The Marquis De la Fayette, who does me the Honor to take this Letter, is this Moment going, which leaves me Time only to add that I am and will be your Friend, because I know you love our Country and Mankind.

I beg you to write to me by every opportunity.

Adieu my dear Sir,

S. Adams2

File copy, Adams Papers, New York Public Library.

1 Adams wrote the following dates in the margin: “July 31, 77, Oct 4, Nov 11, Dec 18, Dec 19, Jan 2, 9, Feb 8, 16, Mar 1, Apl 1, 16.”

Lee’s letters of 4 October and 18 December 1777, and 2 January, 16 February, and 1 and 16 April 1778, are in the Samuel Adams Papers, NN, as are letters of 30 October and 25 November 1777. His 1 March 1778, letter is in Richard H. Lee, Life of Arthur Lee, LL.D., 2 vols. (Boston: Wells and Lilly, 1829), 2:138 – 9, as are ones of November, 1777, and 28 February 1778, ibid., pp. 119 – 21, 137 – 38. A transcript of his 19 December 1777, letter is in PCC, item 102, 2:30. His letter of 31 July 1777, has not been found.

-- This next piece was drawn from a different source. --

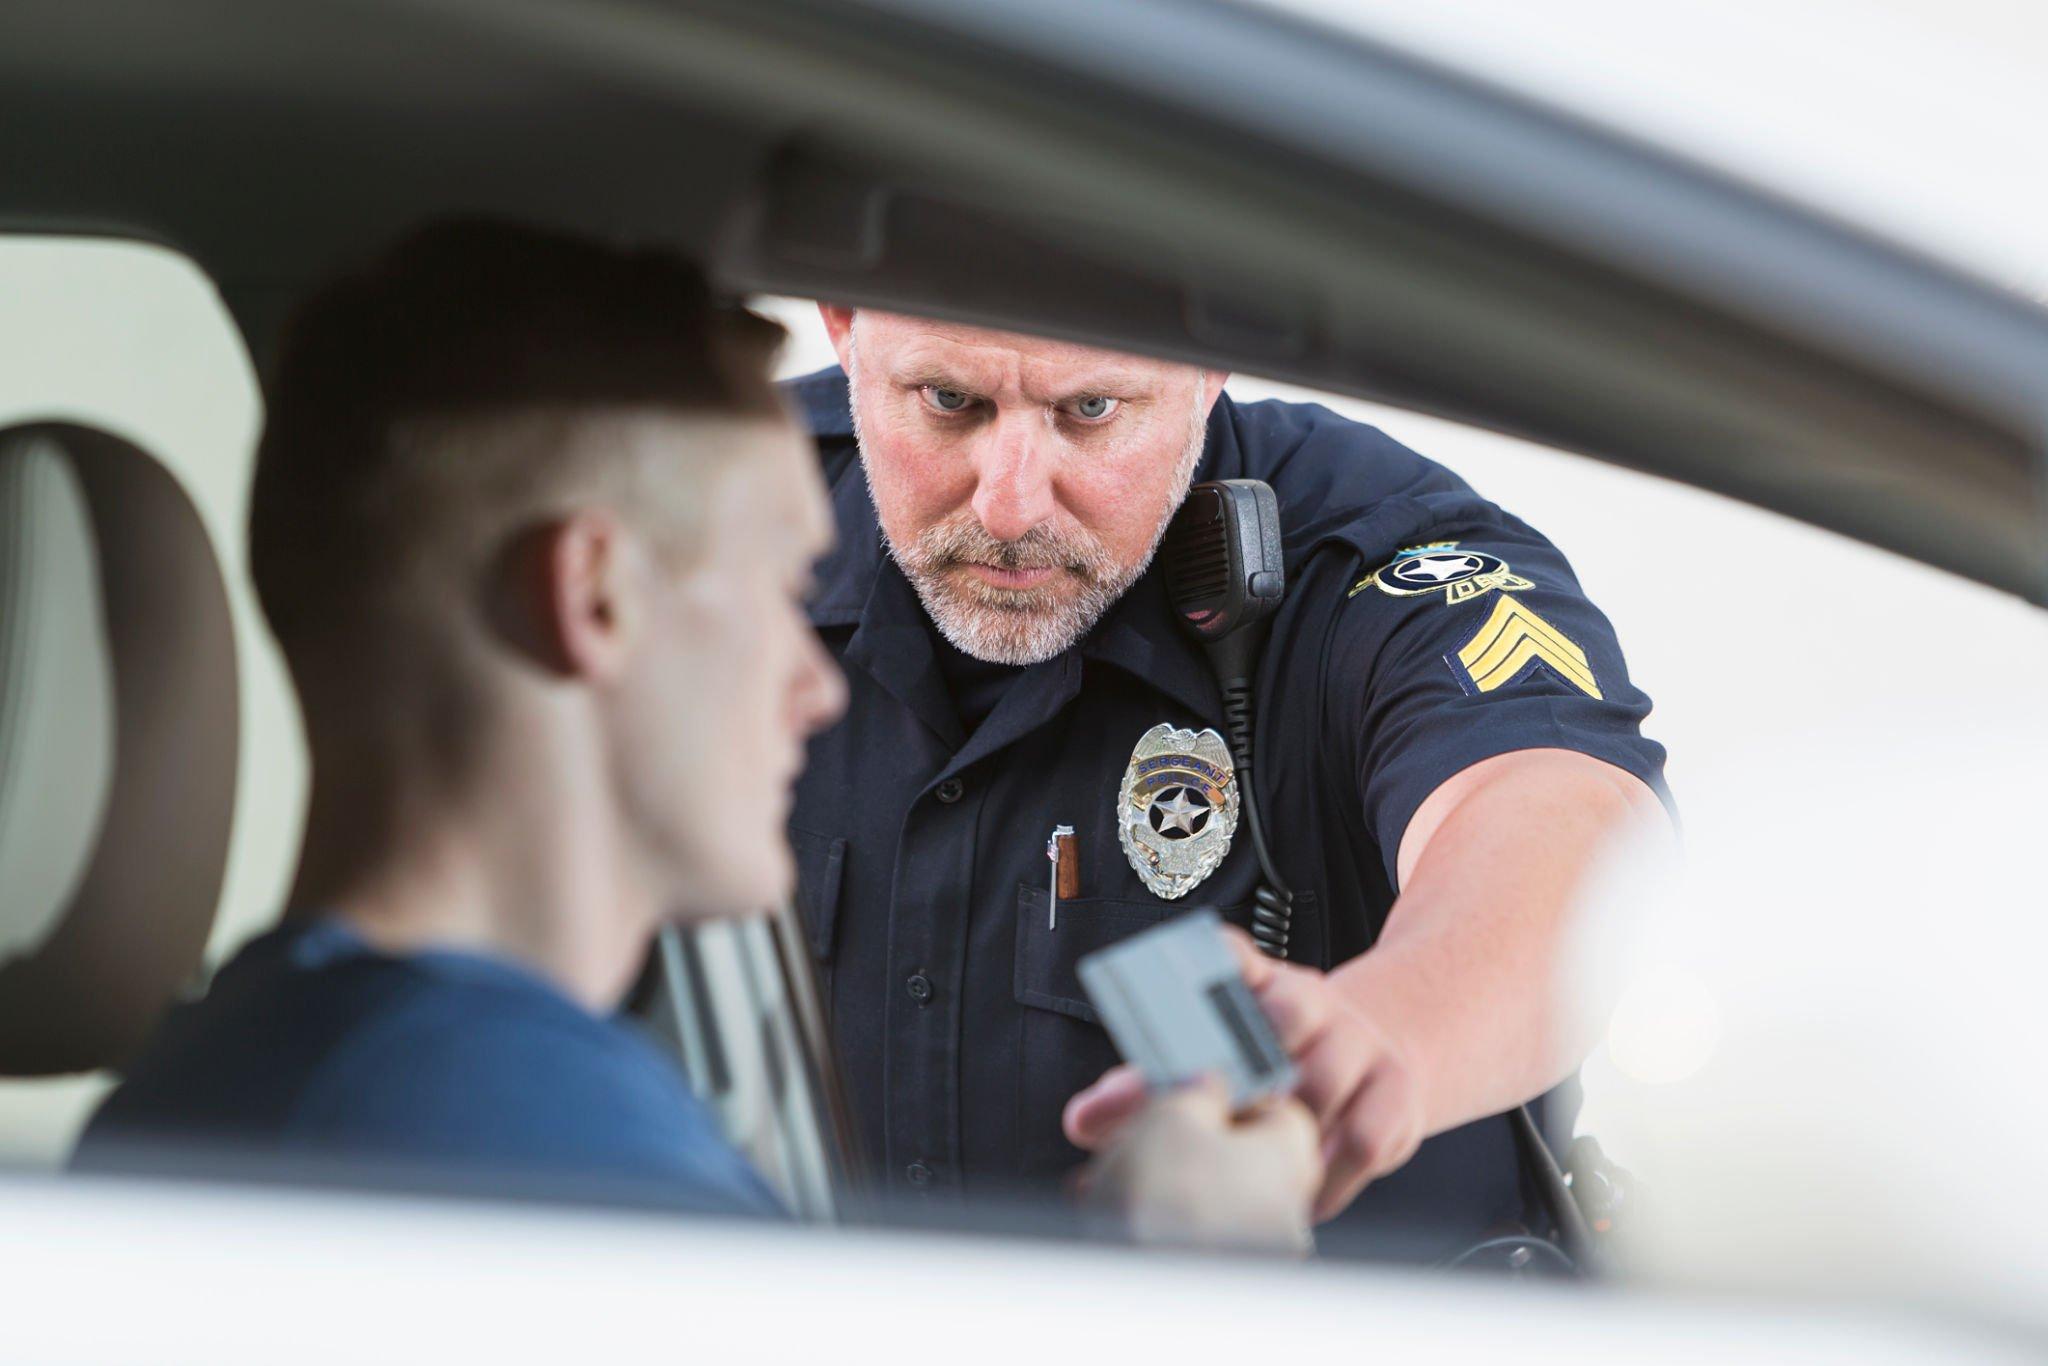 Know About Different Types of DUI – To Protect Your Rights and Freedom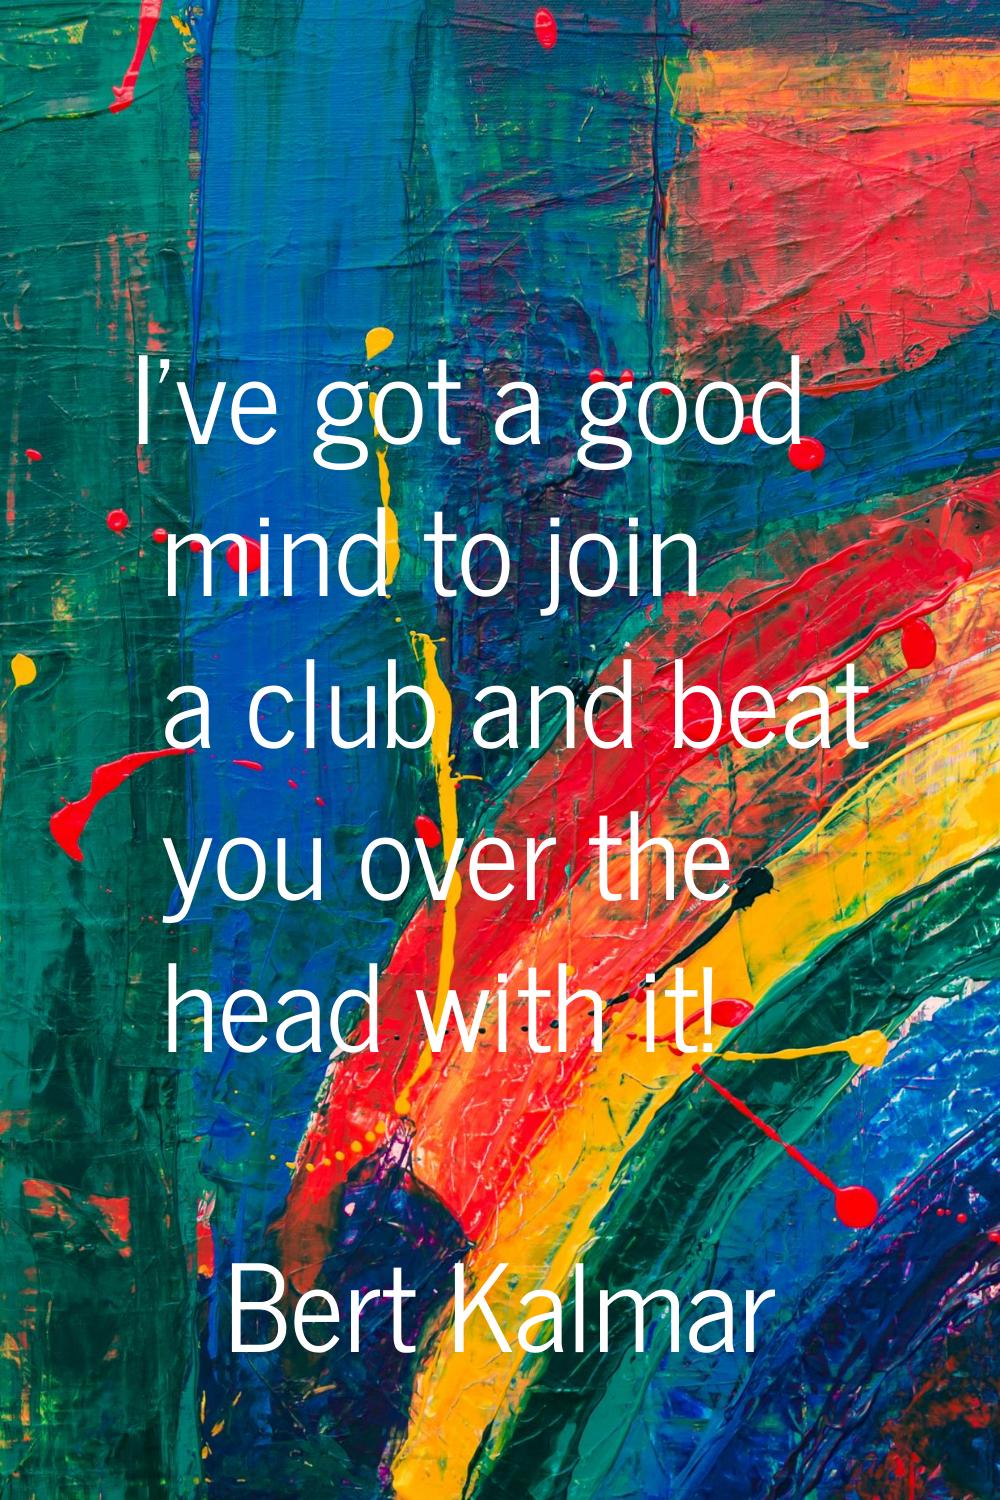 I've got a good mind to join a club and beat you over the head with it!

2 The draft of the following 26 October letter, which Adams wrote to an unknown recipient, is in the Samuel Adams Papers, NN.

“Mr Duncan yesterday brought me your very affectionate Letter of the Instant. I rejoyce that you have recoverd your usual State of Health and that my Family enjoy that inestimable Blessing.

“Is it possible that M could make & propagate so formal, so barefaced a Story as you mention? Are you not misinformd? I lose every Sentiment of Regard for him as a Man of Truth. I have heard that my Enmity to G.W. was objected agt me on a late Occasion. I did not wonder that those who believd it were displeasd with me. My very worthy Friend & colleague Mr D satisfied the Minds of those who meant well and explaind some things relating to Mr which were new & surprising to them. I console myself that those who try to injure me (I must not call them Enemies) are obligd to fabricate malicious Falsehoods for their purpose.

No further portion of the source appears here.